As Commander of Trinity’s elite warriors, Finn O’Connell isn’t used to having his authority challenged. He doesn’t know whether to punish or protect the infuriating young woman in his custody. When he discovers the Dark Fae want to use Elizabeth’s abilities to control the source of all power in the universe, he’ll risk everything to help her.
At the mercy of Trinity and enslaved to the Dark Fae, Elizabeth finds herself alone on the wrong side of an Irish myth thousands of years in the making. Refusing to be a pawn in their game, Elizabeth has to fight her way back to the man she loves, but to do so, she must wage her own war against the magic that binds her.

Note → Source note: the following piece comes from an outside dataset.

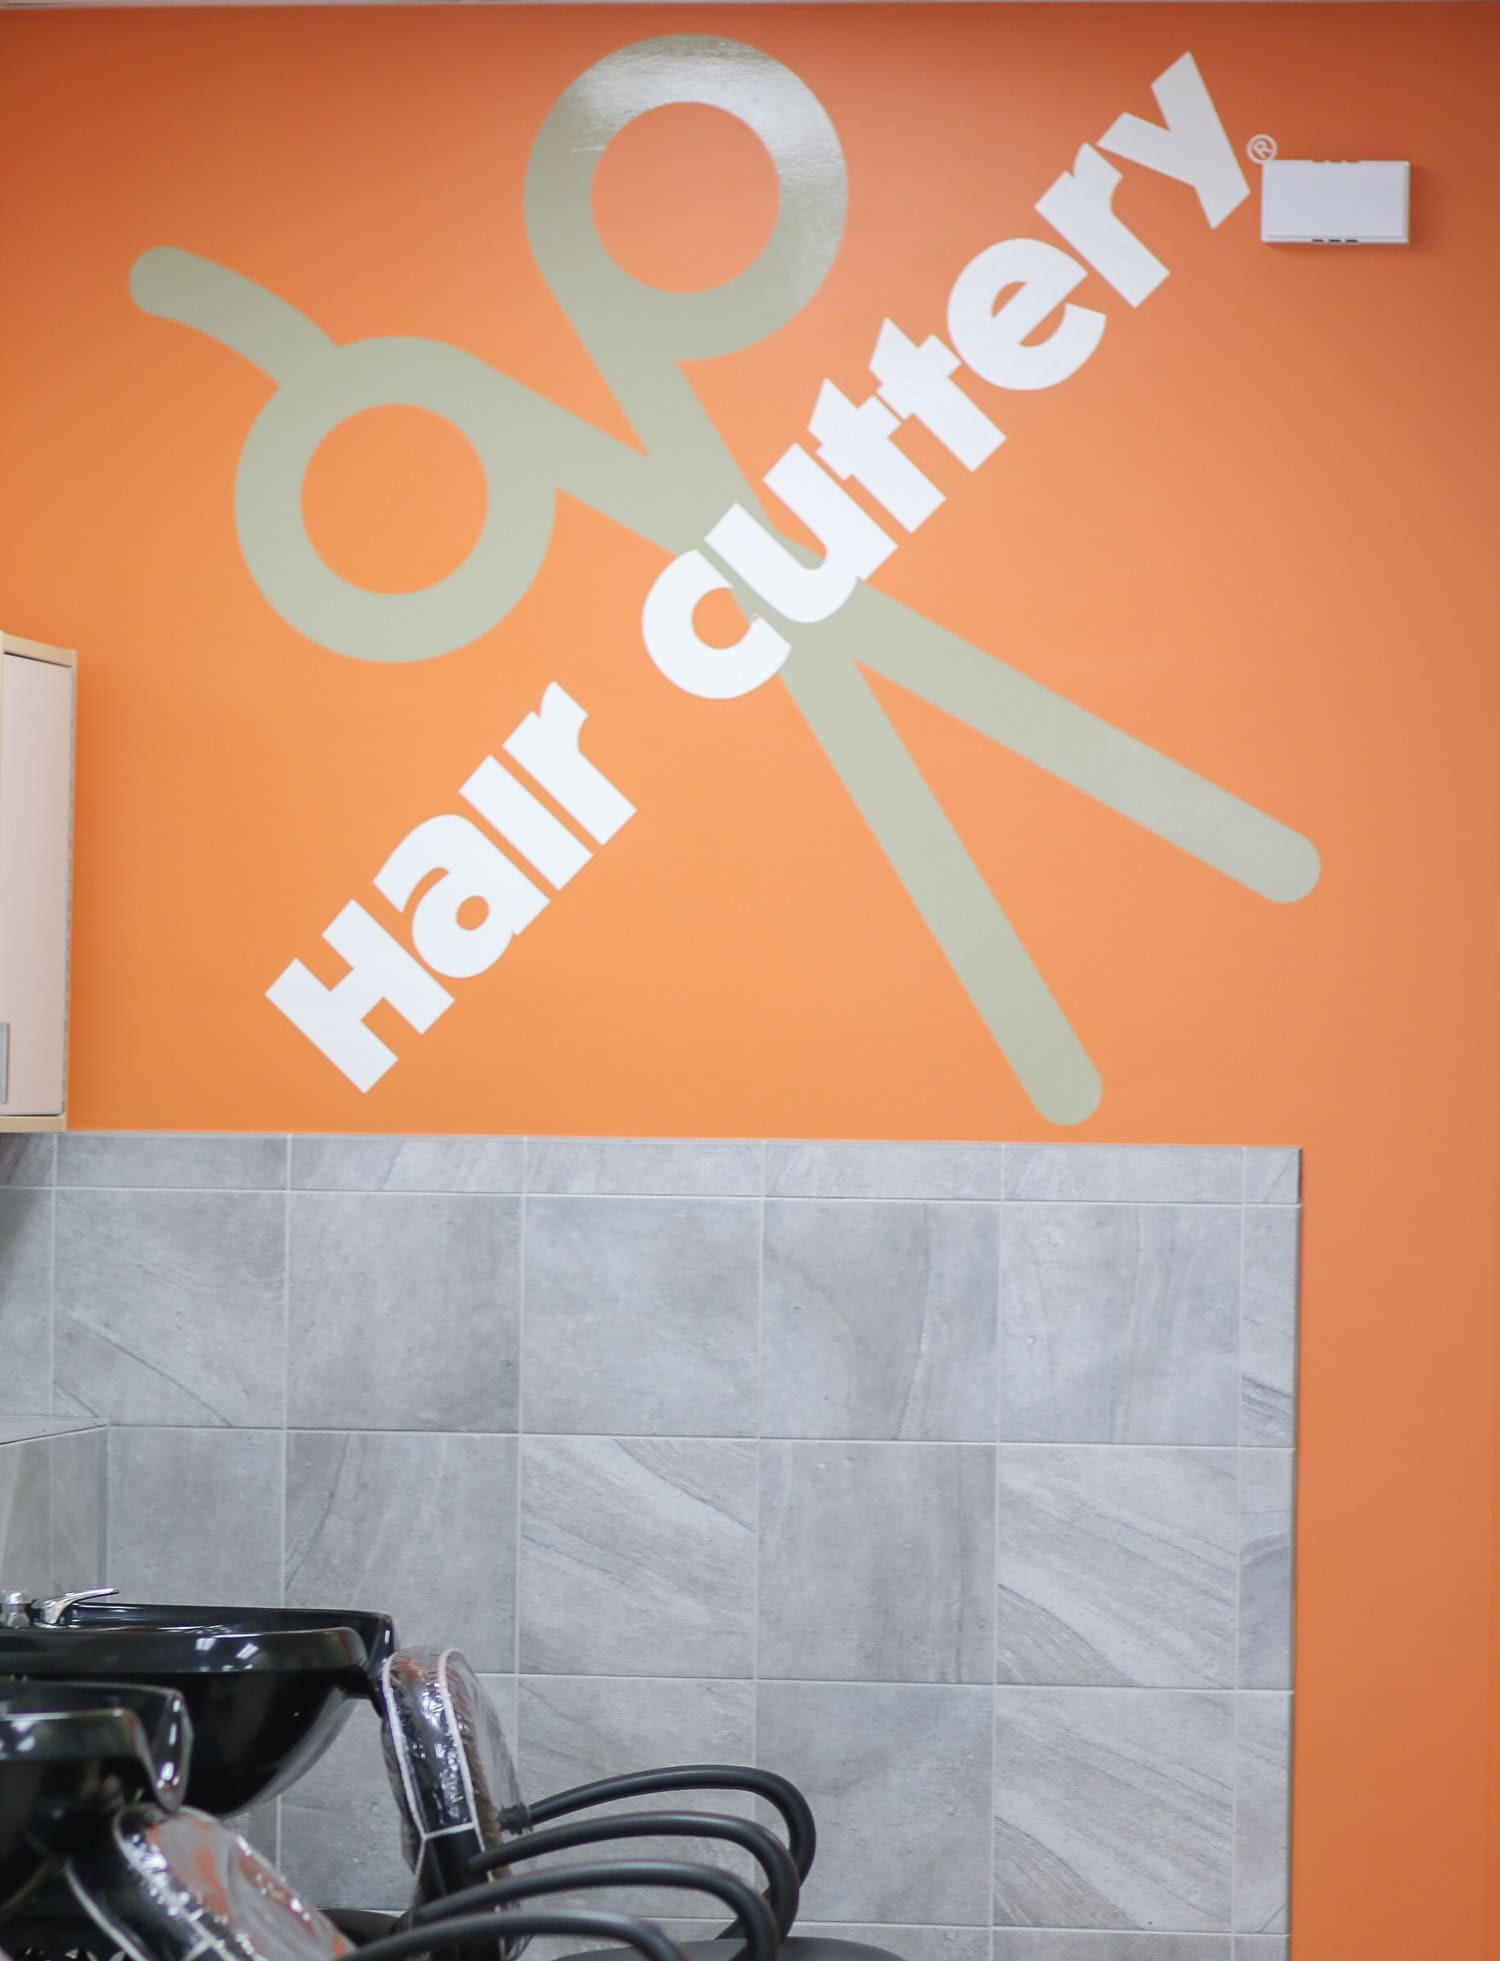 Hair Cuttery review

Aisling Chronicles novels by author Colleen Halverson:
Book one: Through the Veil
Book two: Children of the Veil
Title: Through the Veil
Series: Aisling Chronicles, #1
Author: Colleen Halverson
Genre: Paranormal Romance
Length: 447 pages
Release Date: February 2016
Imprint: Select Otherworld
Price listed is for the U.S. digital format. Please confirm pricing and availability with the retailer before downloading.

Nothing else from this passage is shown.